Some people as they reach retirement come to see their pension savings as a con. At the top end they saved when they were on low incomes, receiving modest tax reliefs, only to find in later years they will have to pay higher tax rates to get their money out. Some very successful people will find they have saved too much and now get caned by the new tax system above the lifetime limit. Some on lower incomes will find their pension savings have not bought them much extra pension. At current annuity rates you need around £20,000 of savings to get an extra £1,000 pension a year. All will find that current low interest rates and past costs of running the pension scheme leave them worse off than they hoped.
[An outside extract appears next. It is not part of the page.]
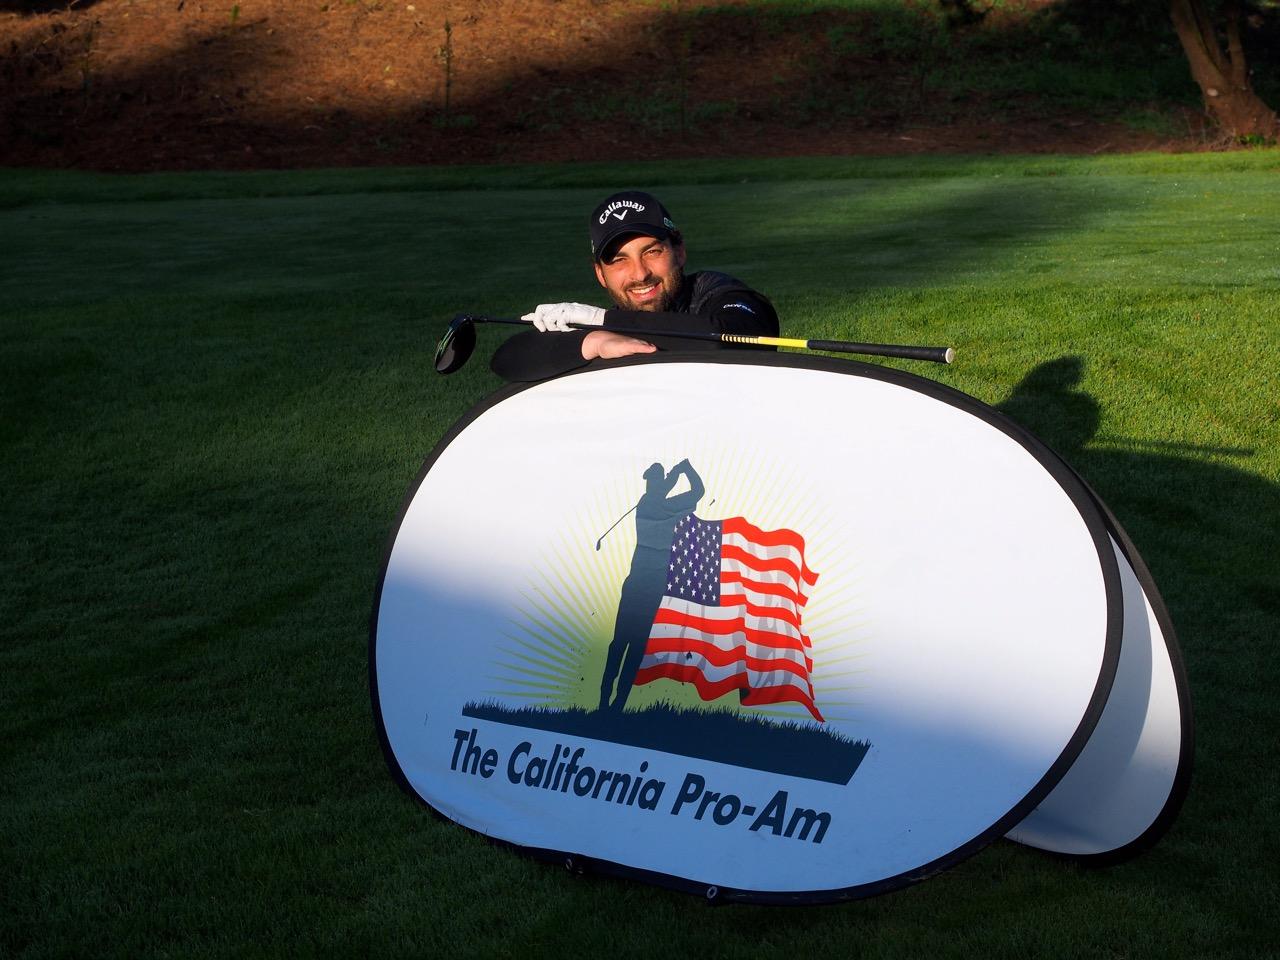 Thomas Linard, membre du PGA European Tour au départ du California Pro-Am

I warmly welcome the Chancellor’s proposal to give people more freedom to decide what to do with their pensions savings where they have defined contribution funds. It is far from satisfactory that people are made to buy an annuity when rates are low and returns poor. The state seems to be saying that it regards people’s savings as in some way the state’s money, to be controlled for people.
In recent days numerous regulators and socialists have emerged from the woodwork to tell us what they really think of us. Apparently they do think left to our own devices we will behave irresponsibly, blowing our money on fast cars and cruises, instead of drawing down our pension savings over the years of retirement in an orderly way. Some even say that as we have received tax relief on pension savings the state has every right to decide how we can spend them. They clearly do not understand that the tax relief on pensions is largely a tax deferral, not a tax break.
I make this prediction. There will be very few people if any buying a Lamborghini from their pension pot. Most will have insufficient money, and the overwhelming majority will be far more sensible with their money.
I also say this. By what right does someone rule out any way that a person might end up spending the money they have saved? If someone was told that they had only a few months to live, and they had saved substantial sums over their lives, who would begrudge them buying the car of their dreams or the holiday of their lifetime before death? People are usually better judges of how to spend their money than is the state.
The ending of the compulsory annuity purchase was one of the best things in a budget for many years. I will be pleased to vote for it, and to defend it. Those who think the state should control our savings belong to that school of thought which thinks that we are all on pocket money from the government. What a ghastly world to live in if we got to that position. Why then would people try harder or work longer hours, if the government decides what you earn and how you spend it? The old communist jibe was “the government pretends to pay us, and we pretend to work”. That’s what kept them in poverty for so long.